The concept of ordinary folks turned into rage-driven killers is one of the more popular themes in modern horror.  David Moody’s HATER is the latest novel to use it, and while I’ve long since had my fill of the likes of James Herbert’s THE FOG, Simon Clark’s BLOOD CRAZY and George Romero’s film THE CRAZIES (to name but a few run-throughs of this concept), Moody’s novel is absorbing, fast moving and authentically disturbing entertainment that pulls off the unprecedented task of making this hackneyed idea seem fresh.

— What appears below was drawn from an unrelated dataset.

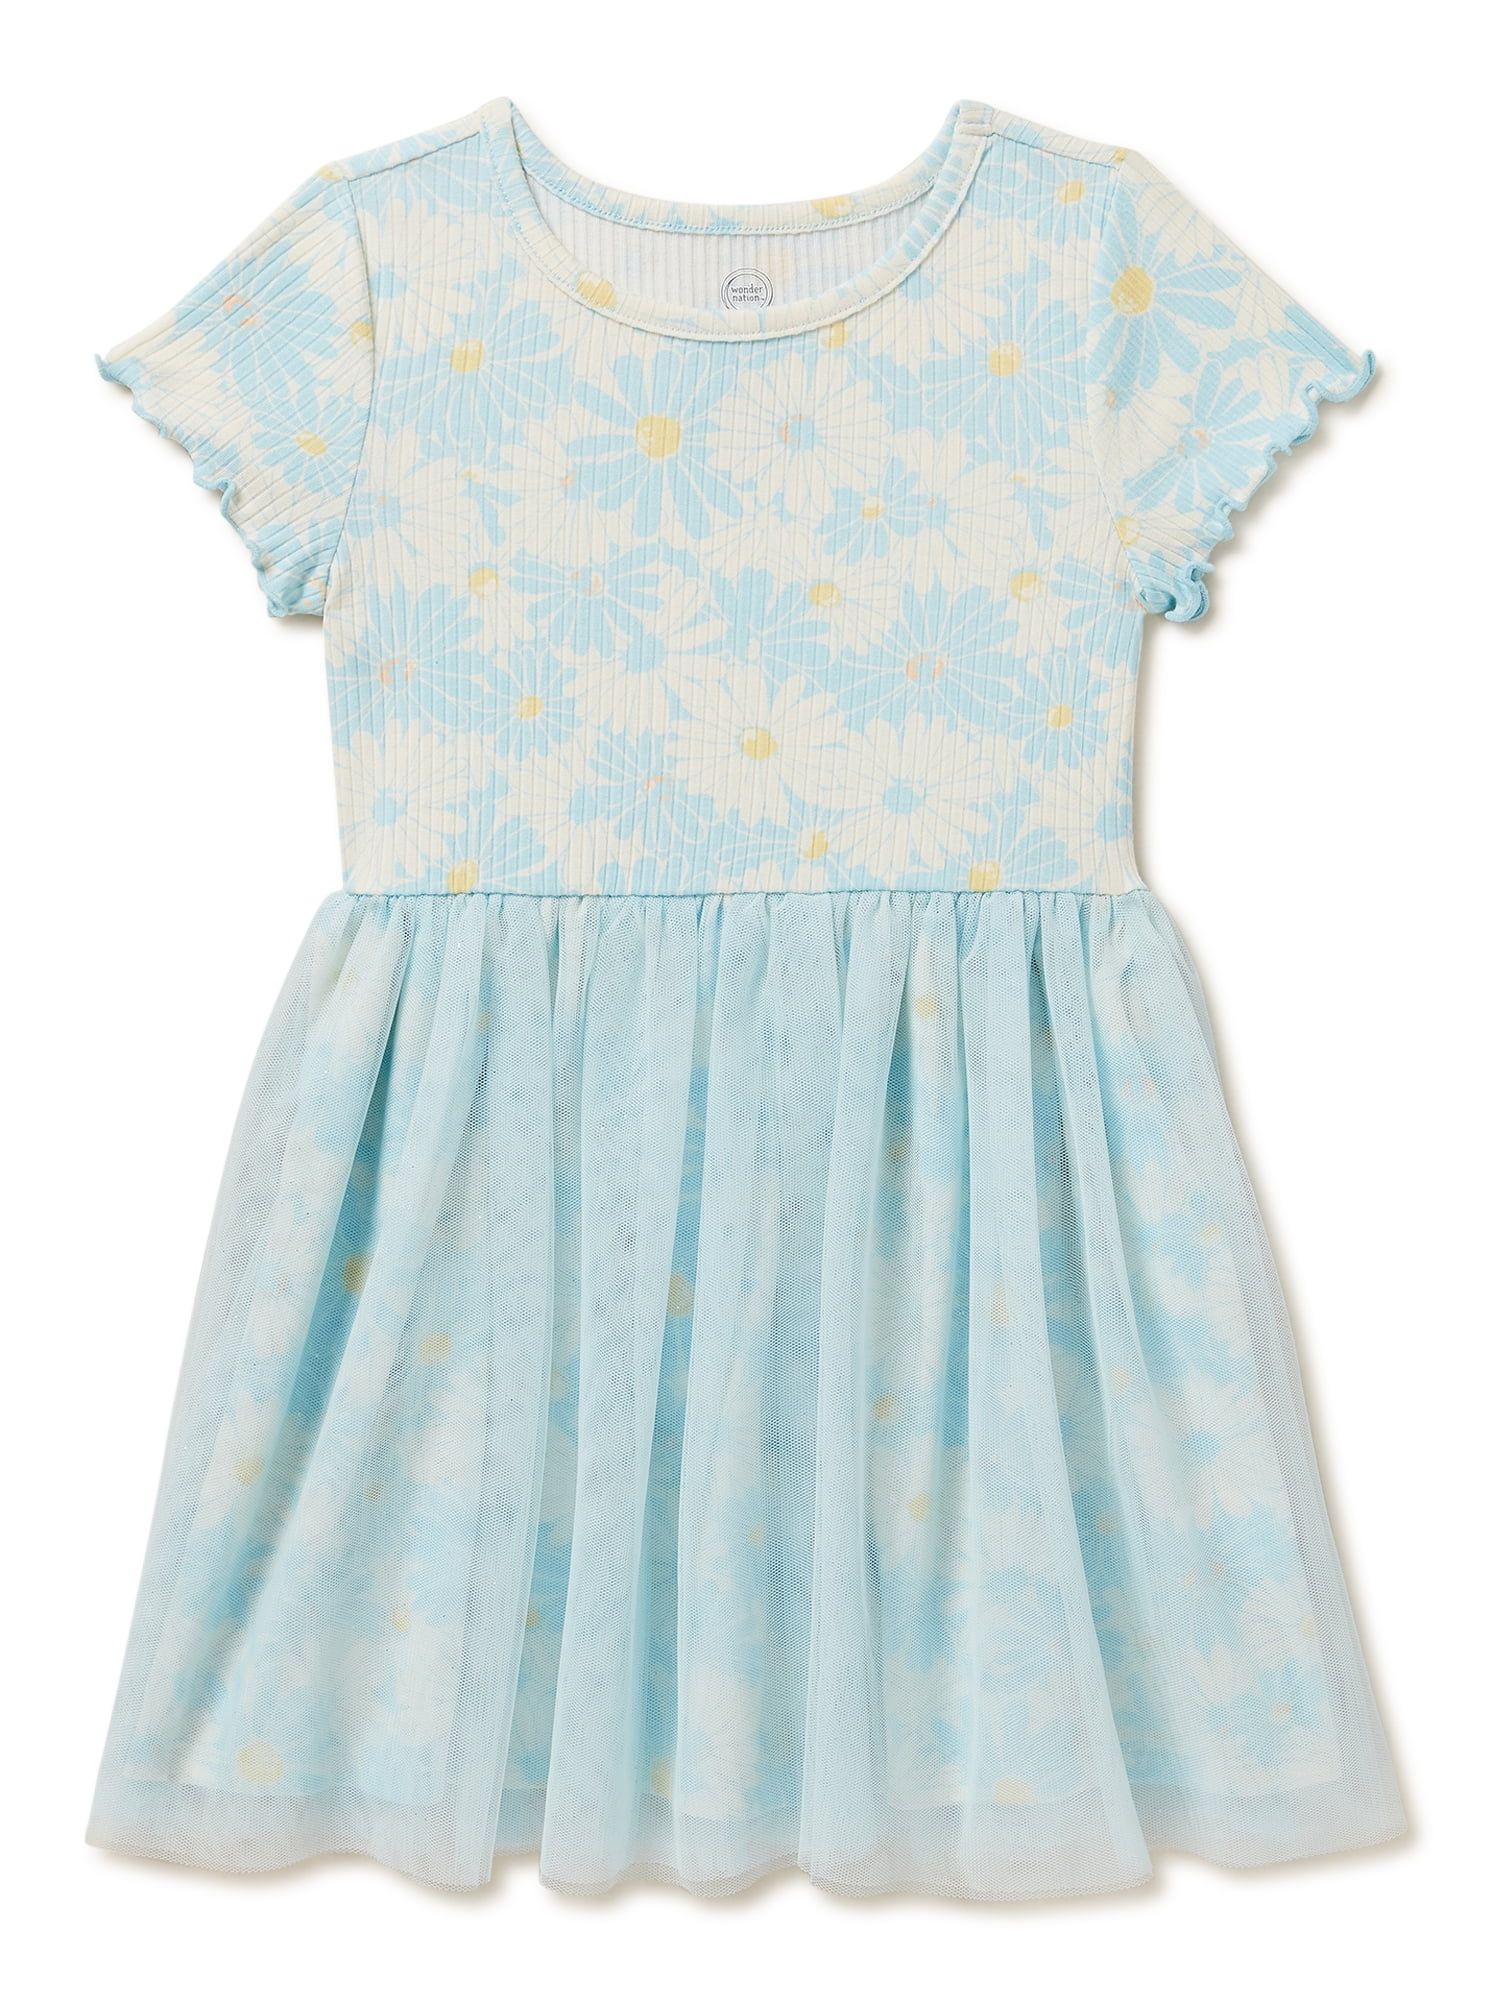 Wonder Nation Baby and Toddler Girls Tutu Dress, Sizes 12M-5T | Walmart (US)

Londoner Danny McCoyne has problems.  He’s stuck working in the Parking Fines Processing Office, where irate citizens show up to gripe about getting ticketed or having their car wheels clamped.  Danny’s home life isn’t much better: his wife Lizzie is a bit of a shrew and his two kids are brats.  It seems all too easy for a guy to go over the edge in such dire circumstances, especially since an epidemic is sweeping London that turns people into remorseless killers, or Haters.

Examples of the above include a man who senselessly impales an old lady with an umbrella, a teenage girl who beats her best friend to death with a rock, and a doctor who gets carried away during a vasectomy.  This mysterious disease affects its sufferers suddenly and unexpectedly, and appears to strike indiscriminately.

But the Haters don’t seem entirely hateful in their violence; they behave as if they’re the ones being attacked.  Furthermore, in Danny’s view they appear to be in on some secret the rest of us don’t know.  As the government desperately tries to contain the disease more and more people become Haters, and society crumbles.  Danny finds himself in increasingly desperate straights as once simple acts like finding food, looking after his family and even crossing a street become dangerous ordeals.

Thus we have a protagonist that isn’t the expected retired government agent or dogged police investigator, just a normal man on an equal footing with everyone else.  Danny’s life as a working stiff is vividly and arrestingly conveyed, hooking the reader immediately.  These early passages, with their all-too-evident undertones of simmering rage and none-too-quiet desperation, are disarmingly prophetic.  A perverse echo occurs in the final chapters, in which a shocking narrative turnaround takes this dark tale from standard horror novel territory into uncharted, and genuinely subversive, territory.

This novel was the first by David Moody, and initially self-published online.  The screen rights were quickly snapped up by Guillermo Del Toro, and in February 2009 HATER was published in hardcover by St. Martin’s Press.  Sounds almost like a fairy tale, yet the novel is so damn good I’m hardly surprised by its good fortune.  I’m only surprised that it took so long.